Australian Foreign Minister Stephen Smith was also sceptical, saying any moves towards democracy must be done in co-operation with the international community and with other political leaders in Burma.

"On my advice to date, there has been little or no consultation," he said yesterday. "We're not persuaded that this is anything more than a cynical sham."


The junta's announcement did not make clear whether the NLD would be allowed to take part in the election, but the constitution is believed likely to disbar Ms Suu Kyi from office by ruling out anyone married to a foreigner.
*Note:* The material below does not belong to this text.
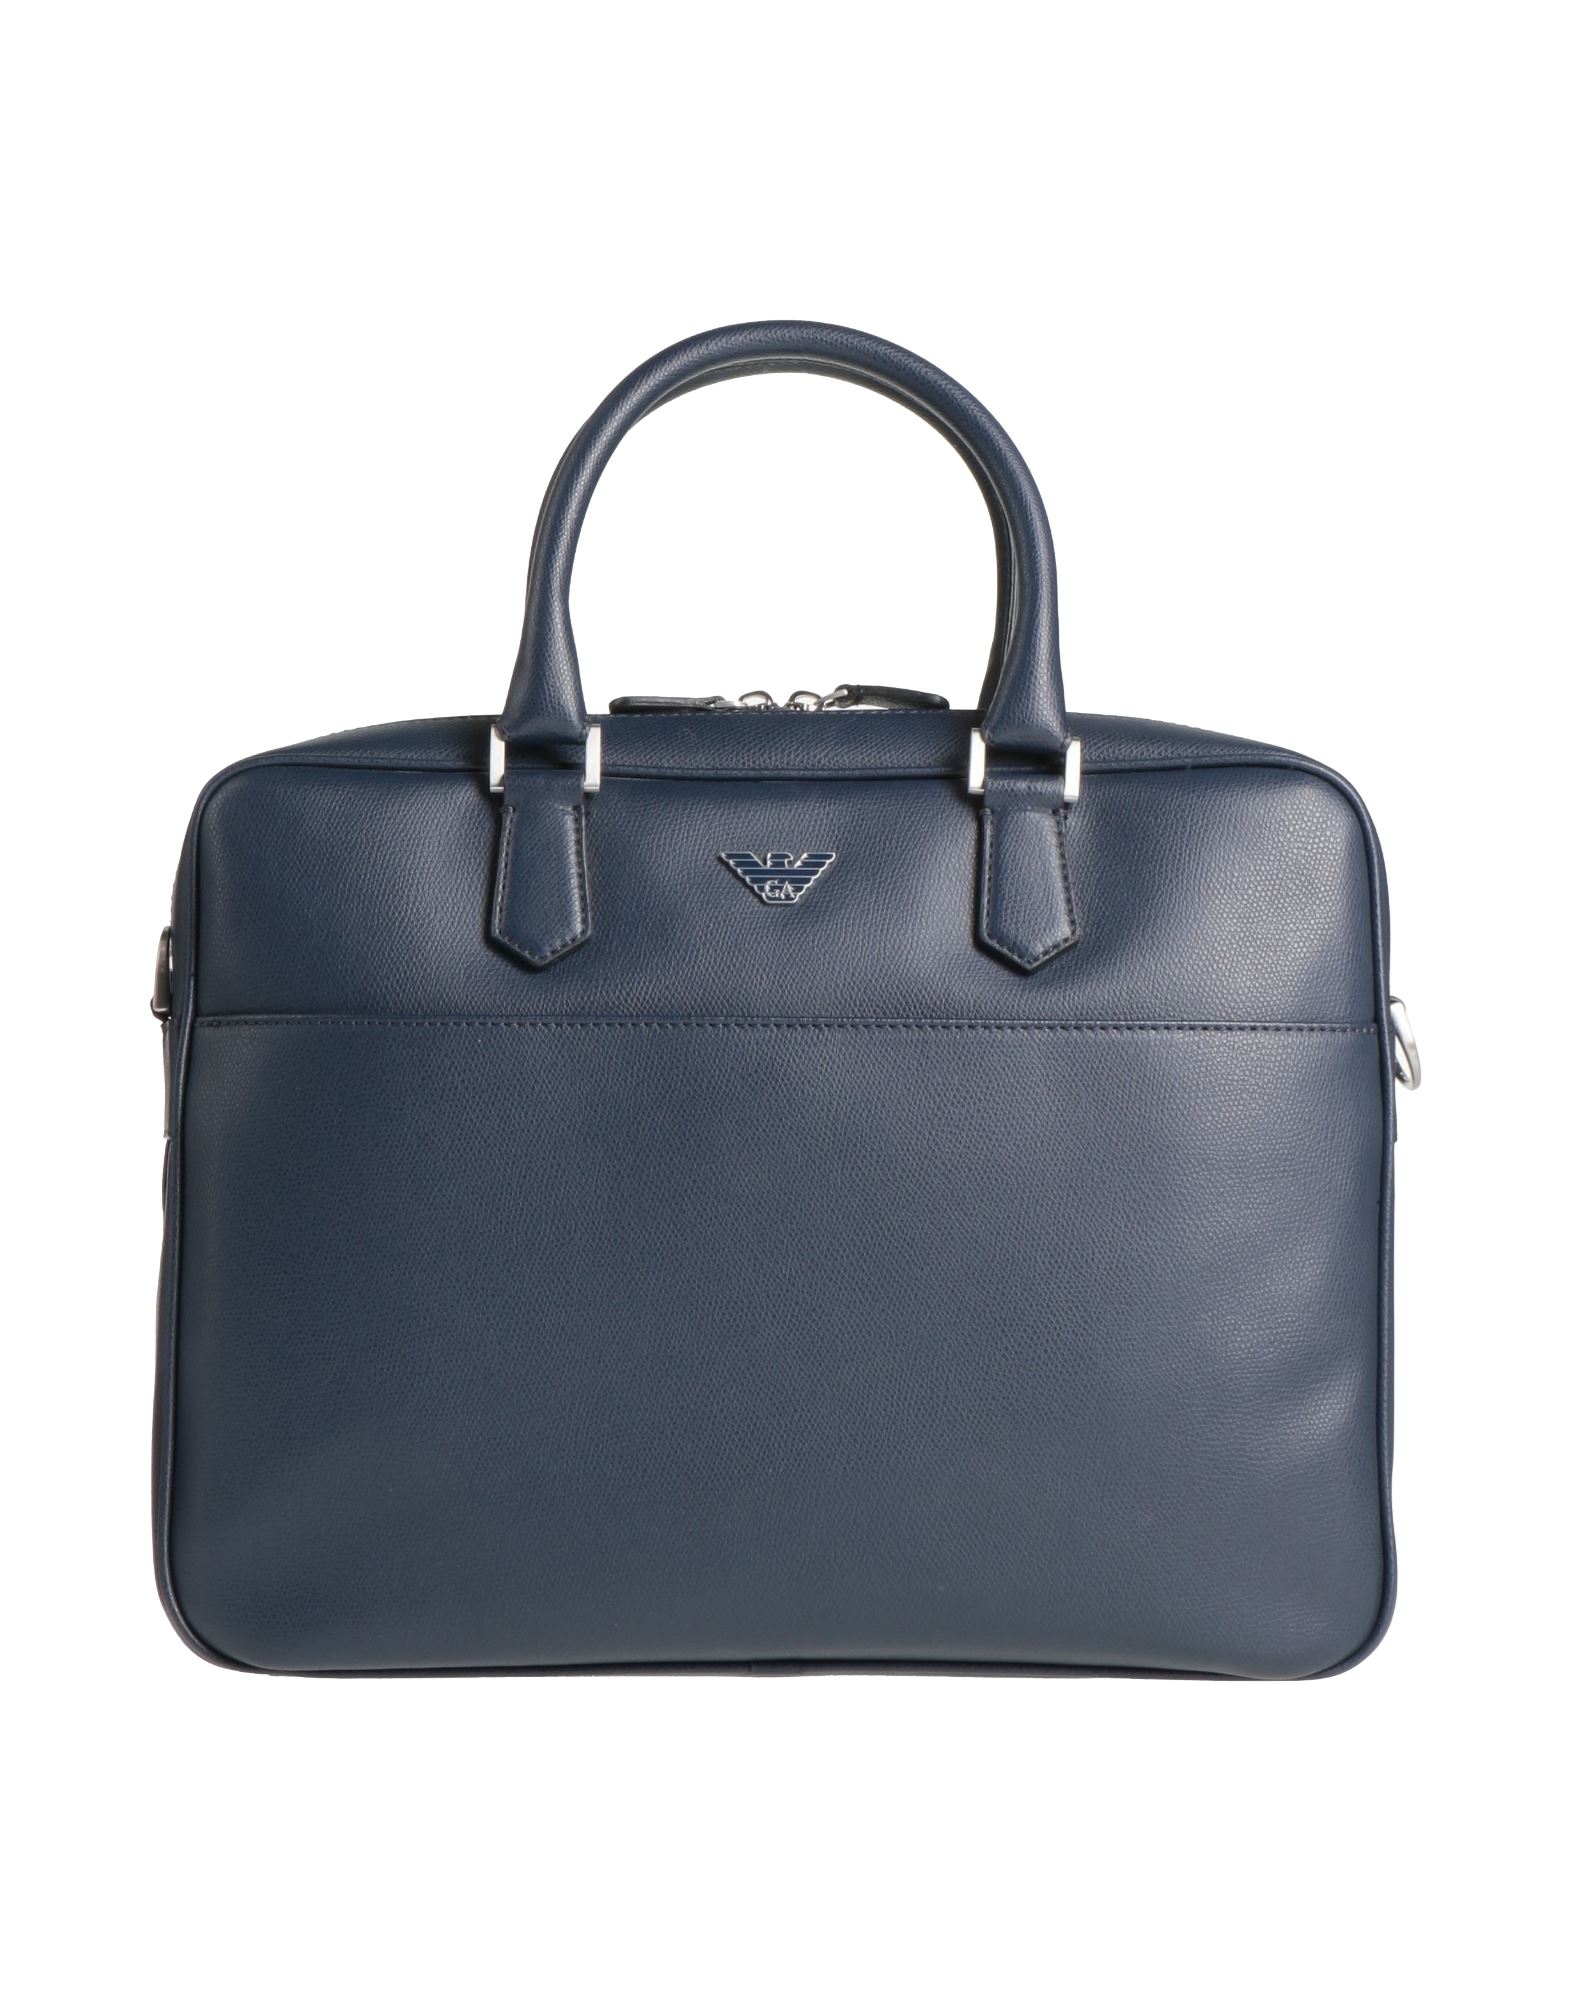 Emporio Armani Handbags In Blue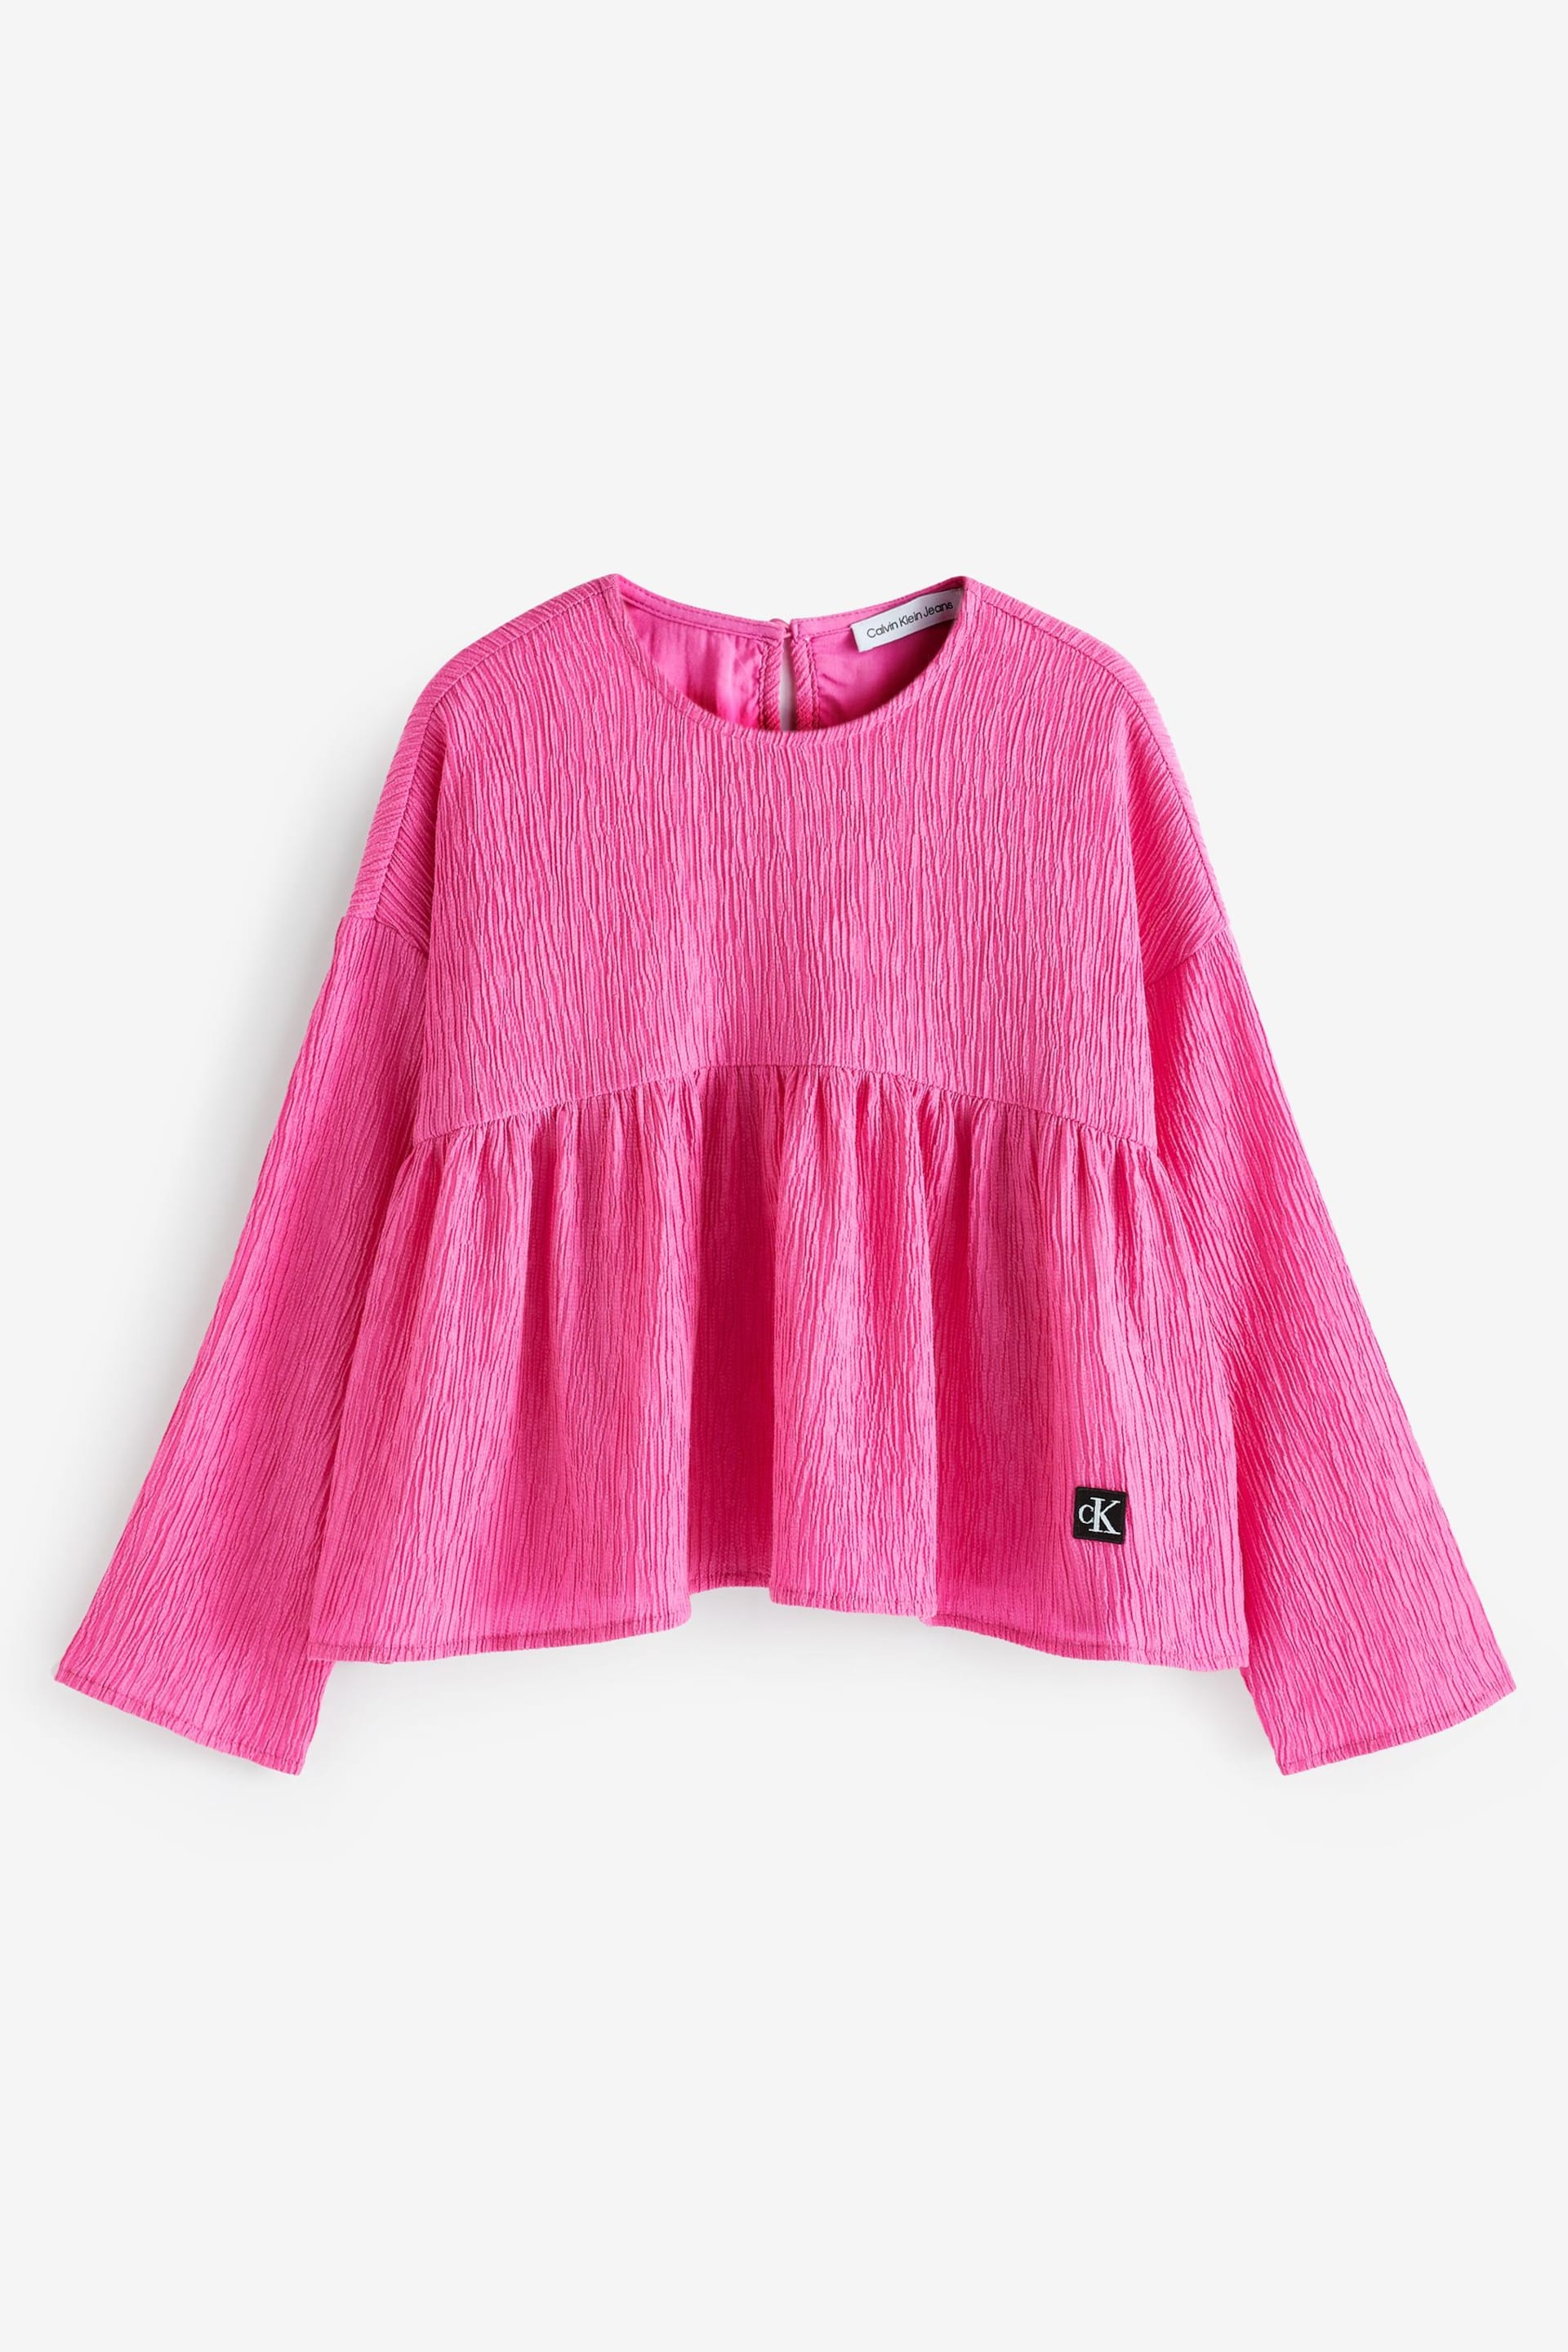 Calvin Klein Jeans Pink Crinkle Long Sleeve Top - Image 4 of 5

Ms Suu Kyi's husband, British academic Michael Aris, died in 1999.

After 14 years of working out the principles for a "disciplined" democracy, a committee of mainly military officers and civil servants assigned last year to draft the constitution would finish its work soon, the junta said.

Snippets of its basic principles that have appeared in state-controlled media do not point to any transfer of power to a civilian administration or greater autonomy for Burma's 100-plus ethnic minorities.

The commander-in-chief of the army will be the most powerful man in the country, able to appoint key ministers and assume power "in times of emergency".

The military will hold 25% of seats in the new parliament and hold veto power over parliamentary decisions.

"This is a move away from democracy, not towards it," Mr Farmaner said, adding "the regime will do everything it can to fix the outcome of the referendum and elections".

Beijing, which has interests in Burmese resources such as natural gas and timber, has refused to back sanctions against the regime. But last month it urged the regime to allow UN special envoy Ibrahim Gambari to return to Burma to promote dialogue between the junta and opposition.